Он откинулся на спинку стула и сложил на коленях свои большие руки.

– «Терроризм» – интересно звучит. Террор… – Он смаковал слово. – Мистер Леджер, мы сильно озабочены тем, чтобы остановить террор. Нашей стране угрожает нечто более серьезное, чем все, о чем до сих пор писали в газетах.

– «До сих пор».

– Мы – когда я говорю «мы», я имею в виду своих коллег из секретных агентств – предотвратили раз в пятьдесят больше опасных случаев, чем вы в силах поверить. Чем только нам не угрожали, начиная от чемоданчиков с ядерными бомбами до радикальных технологий биологического оружия.

– Ура нашей команде!

– Мы также работали над уточнением определения терроризма. Религиозный фундаментализм и политический идеализм на самом деле играют, в общем и целом, куда менее важную роль, чем большинство людей во всем мире – включая глав государств, дружеских и нет, – полагает. – Он на миг поднял на меня глаза. – Что, по‑вашему, является самым значимым скрытым мотивом для всей этой международной возни, терроризма, войн, интолерантности… на данный момент?

Я пожал плечами.

– Спросите любого копа, и он вам ответит, – сказал я. – В конце концов, все сводится к деньгам.

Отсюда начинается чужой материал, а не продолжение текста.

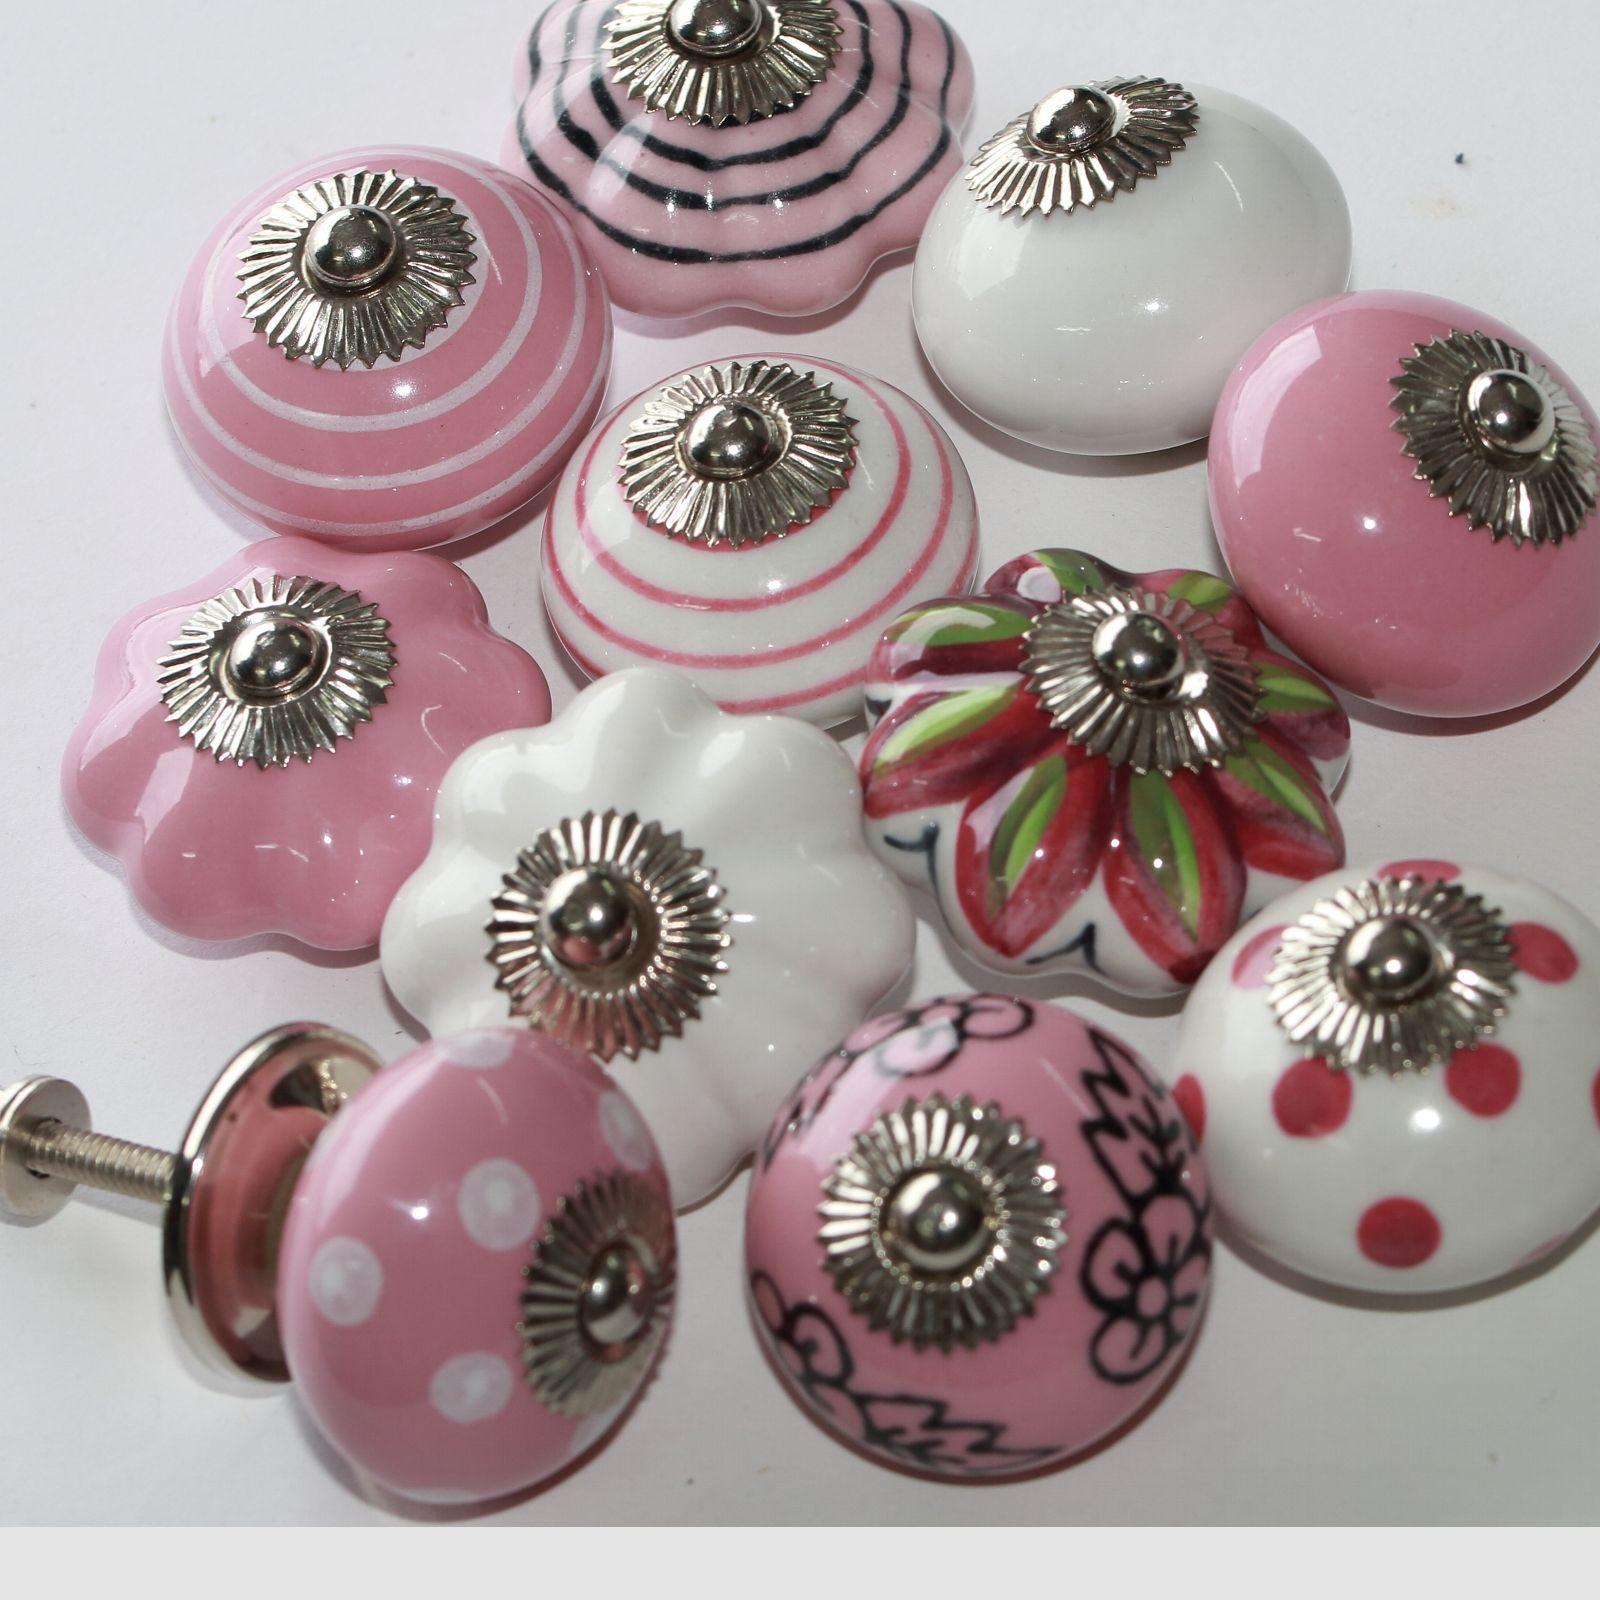 Möbelknopf,Keramik-Möbelgriff,Knauf,Möbelknöpfe  Möbelknäufe Indien Rosa

Он ничего не ответил, но я почувствовал, как переменилось его отношение ко мне. Тень улыбки тронула его губы.

Я сказал:

– Мне кажется, мы находимся довольно далеко от Балтимора. Зачем вы привезли меня сюда? Что во мне такого особенного?

– О, не льстите себе, мистер Леджер, собеседование проходили и другие кандидаты.

– Ну и где же они все? Вы позволили им вернуться обратно на пляж?

– Нет, мистер Леджер, не совсем так. Они не прошли проверку.

– Мне не нравятся сомнительные формулировки.

– А я и не собирался сказать ничего приятного.

– И я полагаю, вы хотите, чтобы «проверку» следующим прошел я?

– Да.

– И как это будет происходить? Ментальные игры и психологические тесты?

– Нет, мы достаточно знаем о вас из текущих медицинских записей и заключений психологов, составленных за прошедшие пятнадцать лет. Нам известно, что за последние два года вы пережили тяжелые потери. Сначала от рака умерла ваша мать, затем девушка, с которой вы раньше встречались, совершила самоубийство. Когда вы с ней были еще подростками, на вас напали парни постарше, избили вас до полусмерти, а затем заставили смотреть, как они насилуют ее. В результате вы пережили период психической диссоциации. У вас бывают приступы ярости, и это является одной из причин, по которой вы регулярно посещаете специалиста. Полагаю, вы узнаёте лицо террора, когда сталкиваетесь с ним.